Ob Ehe, Fußball, Politik...

Die meisten haben so eine Geschichte schon einmal gehört, sei es aus dem Bekanntenkreis oder aus dem Fernsehen, niemandem ist zu wünschen, sie selbst zu erleben:

Ein Mensch verliert seine Arbeit, ist deprimiert, am Ende, und weil das noch nicht reicht, verlässt ihn kurz darauf seine Frau oder sein Partner. Da liegt jemand am Boden und es wird nachgetreten. Wie kommt es, dass dies so häufig geschieht? Sind wir nicht mehr bereit, Menschen, die wir - solange alles einfach ist - glauben lassen, sie seien uns wichtig, auch in schwierigen Zeiten zu begleiten?

Es ist dies durchaus kein Phänomen, dass nur im privaten Bereich zu beobachten ist.
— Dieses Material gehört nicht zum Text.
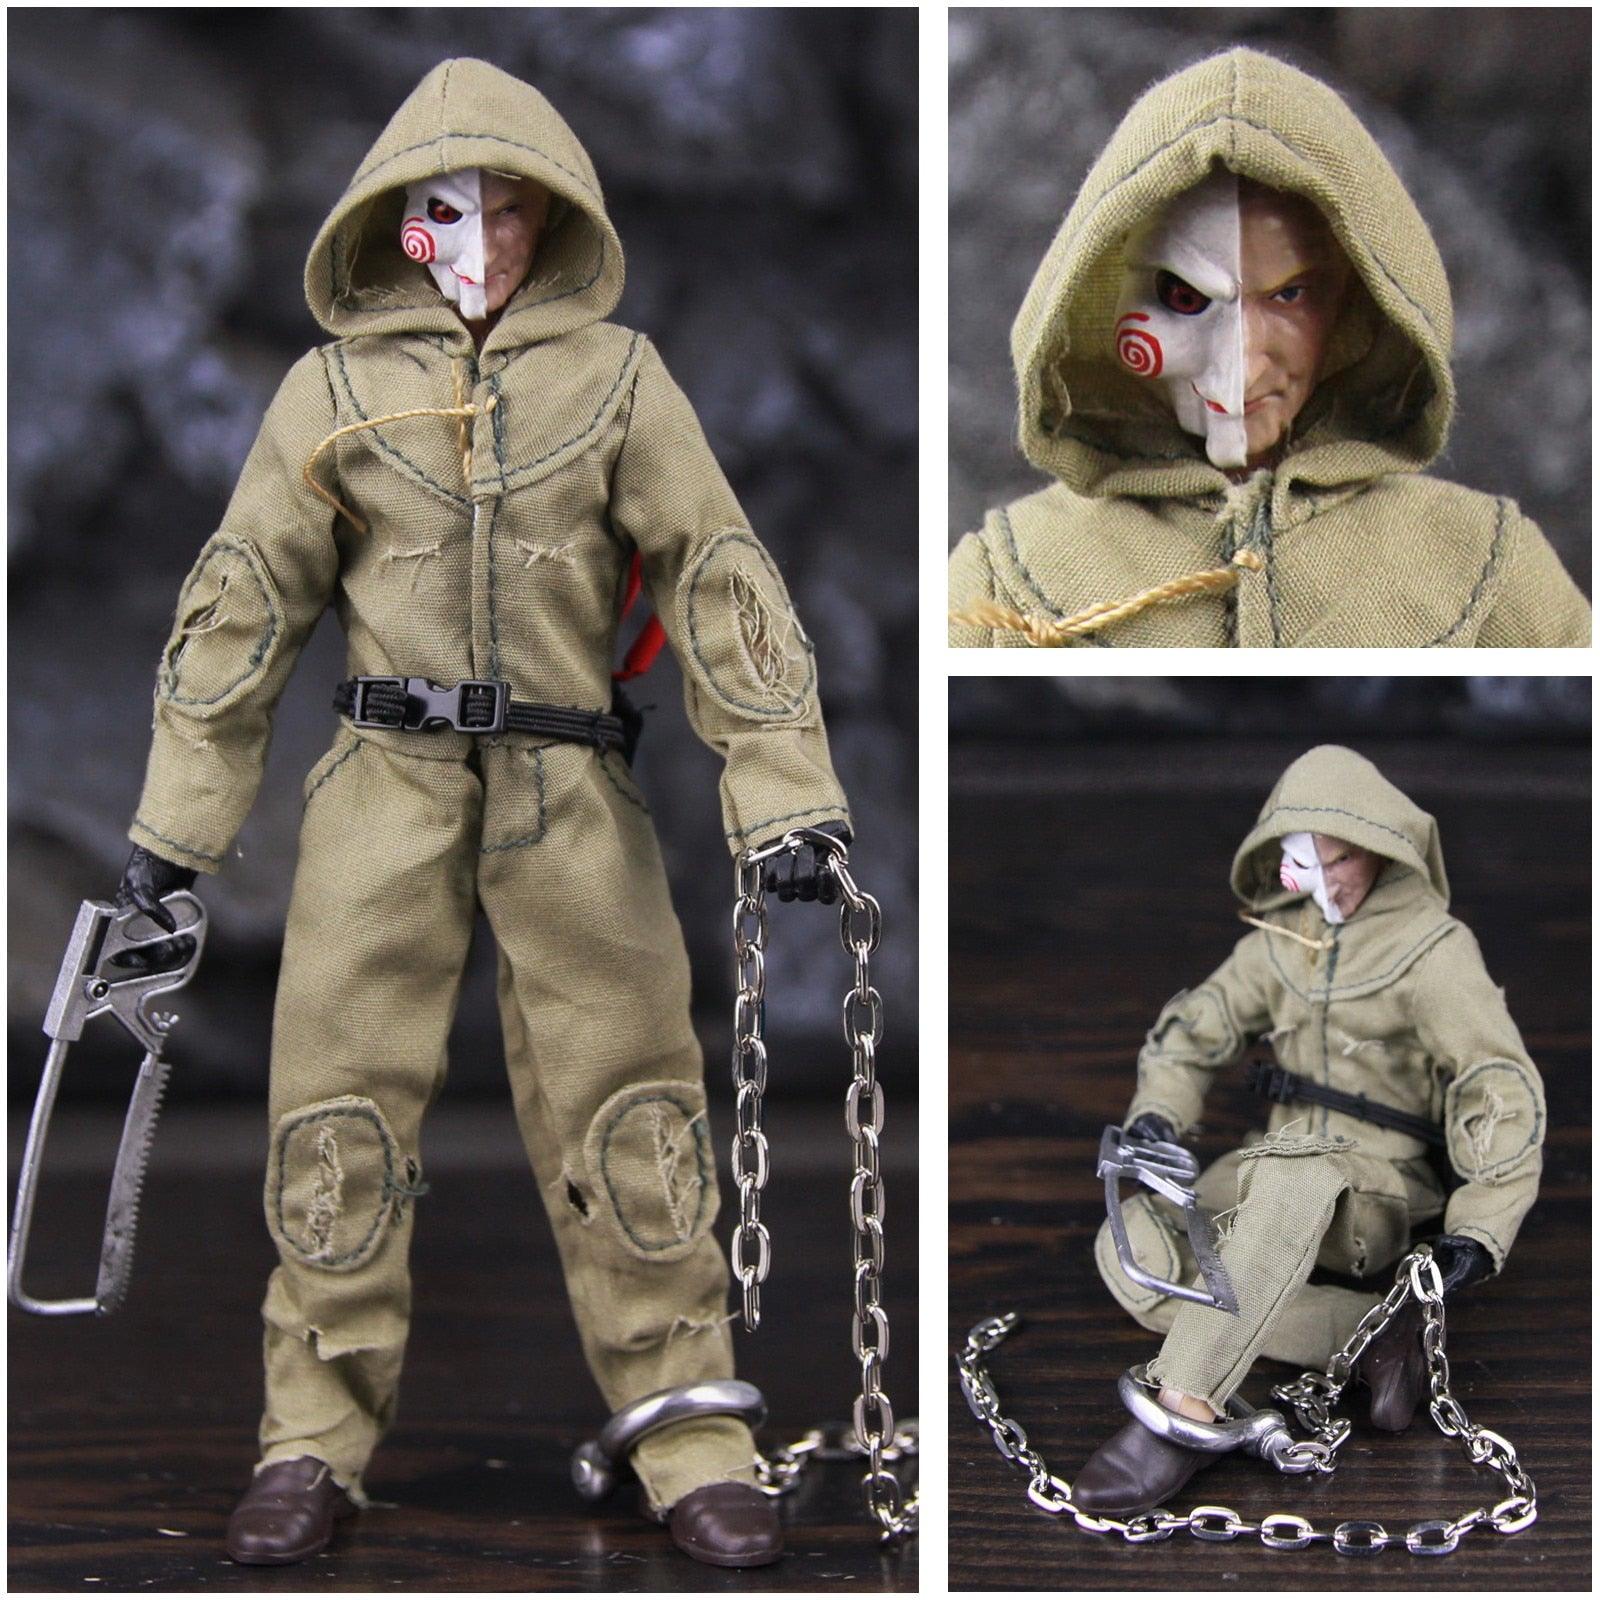 Action Figure Classic Horror Movie Film Jigsaw SAW - All Halloween Costumes

Nehmen wir das prominenteste Beispiel: Fußball. Drei Spiele verloren - der Trainer wird gefeuert, - um einen einzustellen, den man vor 3 Jahren auch schon mal gefeuert hatte. Der soll‘s jetzt richten. Wenn nicht? Egal, dann kommt in 2 Monaten wieder ein neuer. Oder ein alter. Hauptsache, nicht durchhalten, Hauptsache sich nicht zu einem gemeinsamen Weg bekennen müssen. Denn das hieße, auch gemeinsam über die Steine klettern, die auf diesem Wege gelegentlich liegen. Gestern hieß es "Mit diesem Trainer gehen wir durch dick und dünn" - aber wen kümmert das Gerede von neulich?

Oder: Politik. Eine Wahlschlappe reicht, und schon sind nicht nur die eben noch so wichtig verkündeten Prinzipien plötzlich nicht mehr wahr, sondern auch die bisher als Heilsbringer hochgelobten Führungskräfte werden ganz schnell, ja aber ganz schnell ausgetauscht. 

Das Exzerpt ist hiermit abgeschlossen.